▸ What to do:
With the pictures left out, set down the line containing "Re:[原创]【昆明长水国际机场-KMG木鱼拍机】啥时候能晴天,我想拍飞机了 BOEING 737-700" and each line after it to the end of the material, exactly as written.

▸ Material provided:

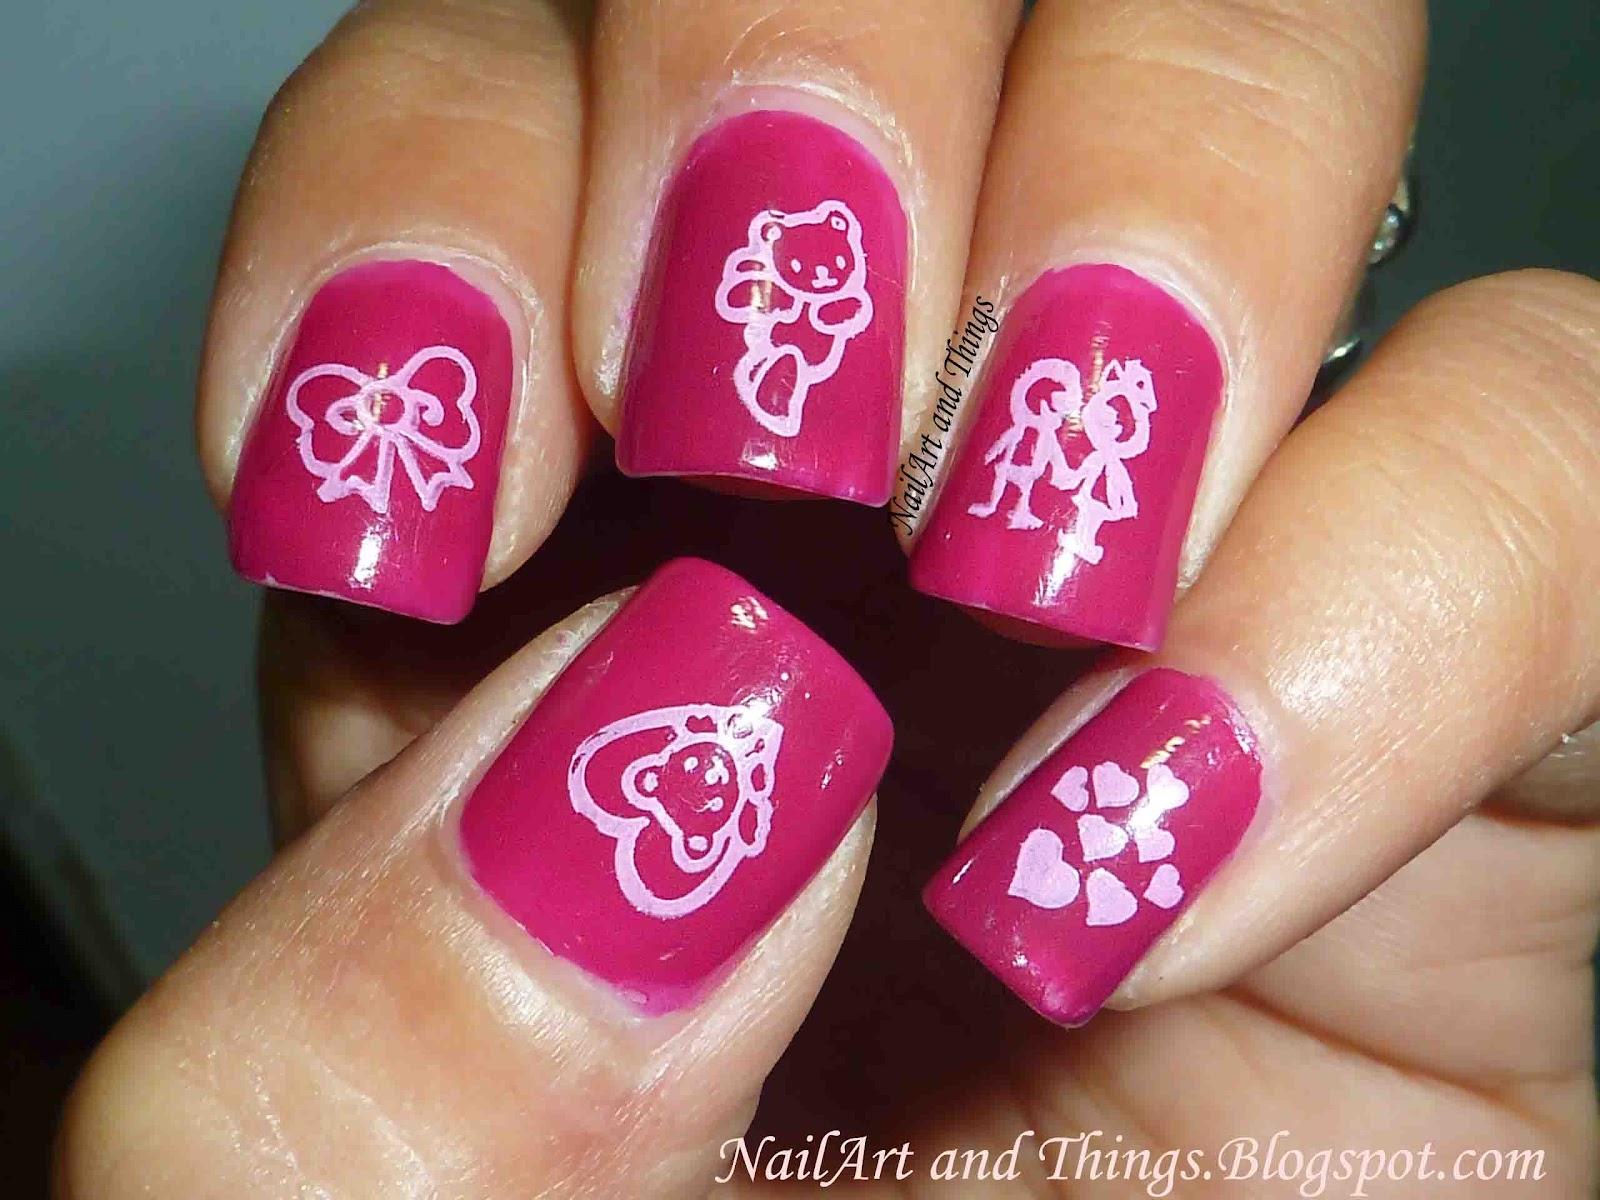 nailart and things cuteteddy nail art
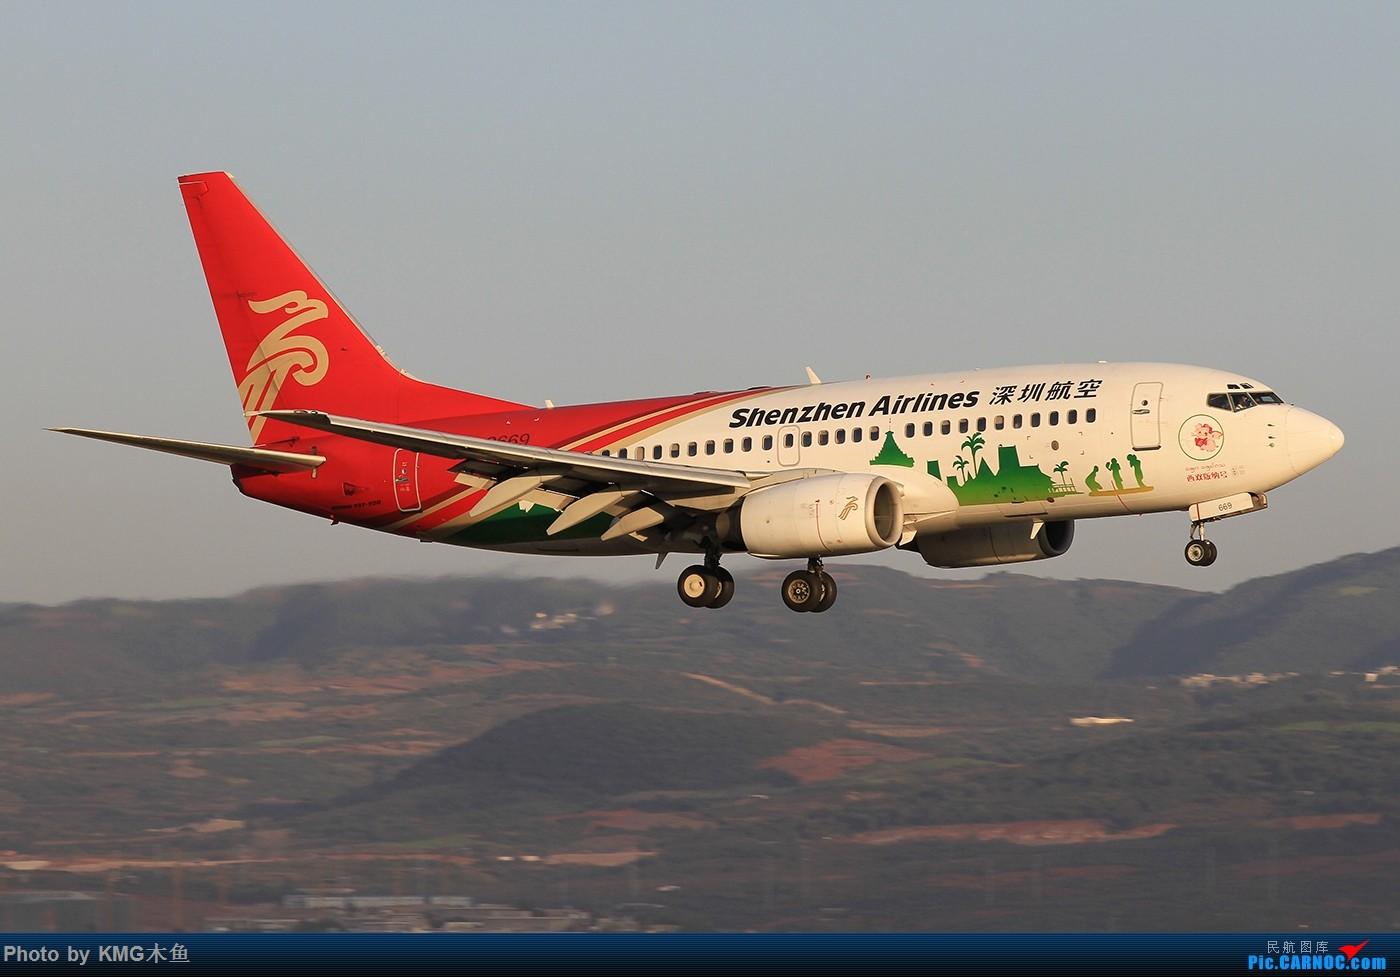 Re:[原创]【昆明长水国际机场-KMG木鱼拍机】啥时候能晴天,我想拍飞机了 BOEING 737-700 B-2669 中国昆明长水国际机场
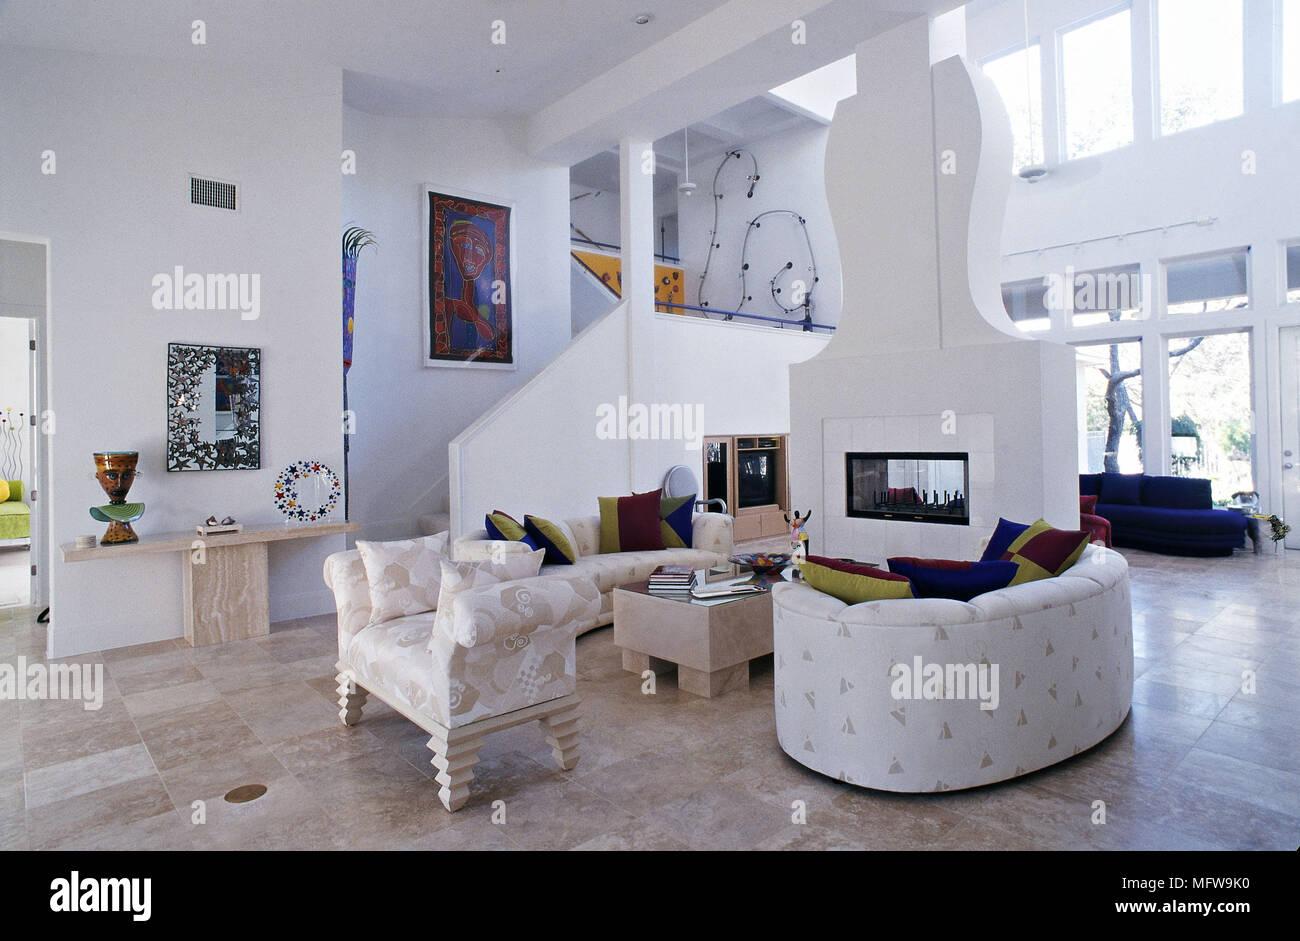 Contemporain spacieux salon avec murs blancs canapés à motifs et ...

▸ Answer below:
 Re:[原创]【昆明长水国际机场-KMG木鱼拍机】啥时候能晴天,我想拍飞机了 BOEING 737-700 B-2669 中国昆明长水国际机场
 Contemporain spacieux salon avec murs blancs canapés à motifs et ...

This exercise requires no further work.